Being able to decide whether a component is indeed a
well_formed_component or not was already demonstrated by our
theorem well_formed_component_dec.
However, we now want a function that returns true when
the given component is a well_formed_component and
false otherwise. Naturally, we want the ensurance that
this function is correct, i.e. sound and complete w.r.t
the well_formed_component predicate.
Let us start by defining such function.
Fixpoint dec_component (c :component) : bool :=
match c with
| Component i p ic cl lc li lb =>
(dec_unique_ids lc) && (dec_interfaces li) && (dec_bindings lb lc li) &&
((fix dec_component_lc (ssc: list component) {struct ssc} : bool :=
match ssc with
| nil => true
| cc :: r => (dec_component cc) && dec_component_lc r
end) lc)
end.
Definition eq c : Prop := dec_component c = true <-> well_formed_component c.

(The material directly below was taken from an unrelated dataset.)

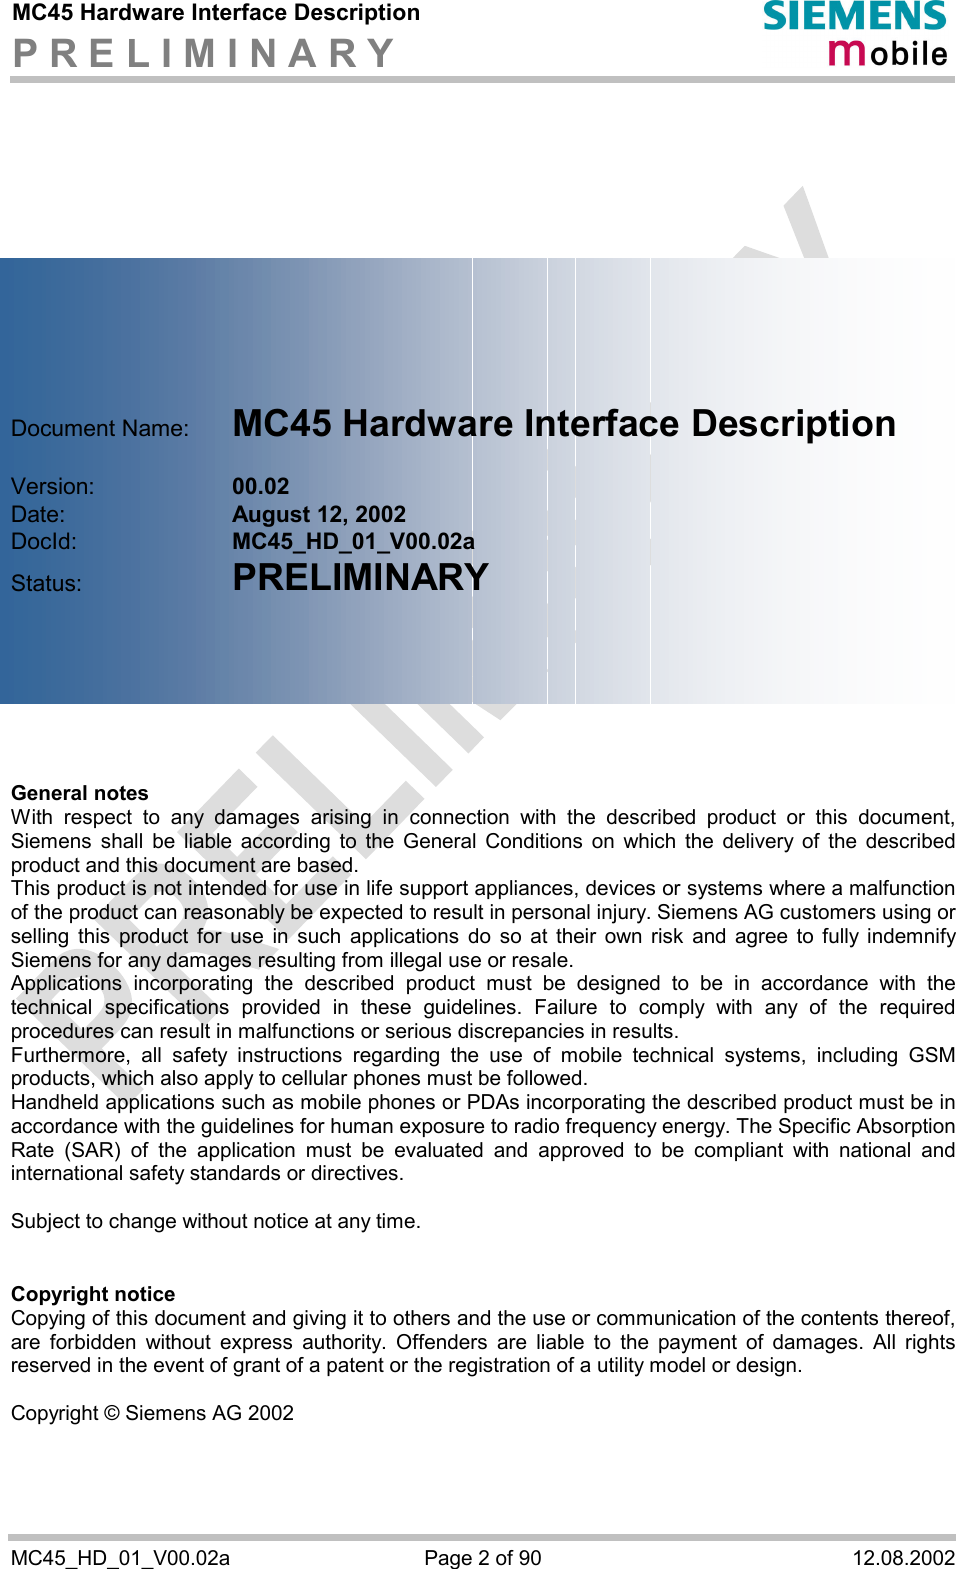 MC45 Hardware Interface Description P R E L I M I N A R Y      MC45_HD_01_V00.02a  Page 2 of 90  12.08.2002            Document Name:   MC45 Hardware Interface Description  Version:     00.02 Date:       August 12, 2002 DocId:     MC45_HD_01_V00.02a Status:     PRELIMINARY        General notes With respect to any damages arising in connection with the described product or this document, Siemens shall be liable according to the General Conditions on which the delivery of the described product and this document are based. This product is not intended for use in life support appliances, devices or systems where a malfunction of the product can reasonably be expected to result in personal injury. Siemens AG customers using or selling this product for use in such applications do so at their own risk and agree to fully indemnify Siemens for any damages resulting from illegal use or resale. Applications incorporating the described product must be designed to be in accordance with the technical specifications provided in these guidelines. Failure to comply with any of the required procedures can result in malfunctions or serious discrepancies in results.  Furthermore, all safety instructions regarding the use of mobile technical systems, including GSM products, which also apply to cellular phones must be followed.  Handheld applications such as mobile phones or PDAs incorporating the described product must be in accordance with the guidelines for human exposure to radio frequency energy. The Specific Absorption Rate (SAR) of the application must be evaluated and approved to be compliant with national and international safety standards or directives.  Subject to change without notice at any time.   Copyright notice Copying of this document and giving it to others and the use or communication of the contents thereof, are forbidden without express authority. Offenders are liable to the payment of damages. All rights reserved in the event of grant of a patent or the registration of a utility model or design.  Copyright © Siemens AG 2002

For our interests, we shall want to prove dec_component
as being equivalent to our well_formed_component predicate
as demonstrated by the eq predicate.
For this, we shall follow the same approach employed
for proving the decidability of well_formed_component.
Lemma nil_eq: forall c, In c nil -> eq c.
Proof.
intros.
inversion H.
Qed.
Lemma cons_eq c (Hc : eq c) lc (Hlc : forall c', In c' lc -> eq c'):
forall c', In c' (cons c lc) -> eq c'.
Proof.
intros.
destruct H; subst; auto.
Qed.
Lemma lc_eq (Hp: forall c, eq c) :
forall lc, (forall c', In c' lc -> eq c').
Proof.
exact (fix lc_eq lc :=
match lc as lc return (forall c', In c' lc -> eq c') with
| nil => nil_eq
| cons c lc => cons_eq c (Hp c) lc (lc_eq lc)
end).
Defined.
Note again that lc_eq requires to be concluded by Defined
rather than Qed.
Moreover, we shall define the auxiliary lemma boolean_function_fact
to help us proving our main theorem.
Require Import Coq.Bool.Bool.
Lemma boolean_function_fact:
forall lc, (fix dec_component_lc (ssc : list component) : bool :=
match ssc with
| nil => true
| cc :: r => dec_component cc && dec_component_lc r
end) lc = true ->
(forall c, In c lc -> dec_component c = true).
Proof.
induction lc; intros .
inversion H0.
destruct H0; subst.
clear -H.
rewrite andb_true_iff in H.
destruct H; auto.
apply IHlc; auto.
clear -H.
rewrite andb_true_iff in H.
destruct H; auto.
Qed.
Theorem dec_component_correctness:
forall c,
dec_component c = true <-> well_formed_component c.
Proof.
fix 1; intros [i p ic cl lc li lb].
assert (IHp_dec := lc_eq dec_component_correctness lc);
clear dec_component_correctness.
Guarded.
split; intro.
Case "Function Entails Predicate".
unfold eq in IHp_dec.
simpl in H.
repeat rewrite andb_true_iff in H.
destruct H as ((H1, H2), H3).
destruct H1.
apply dec_unique_ids_correctness in H.
apply dec_interfaces_correctness in H0.
apply dec_bindings_correctness in H2.
apply WellFormedComponent; simpl; auto.
intros.
clear -H3 IHp_dec H1.
apply IHp_dec; auto.
apply boolean_function_fact with (lc:=lc); auto.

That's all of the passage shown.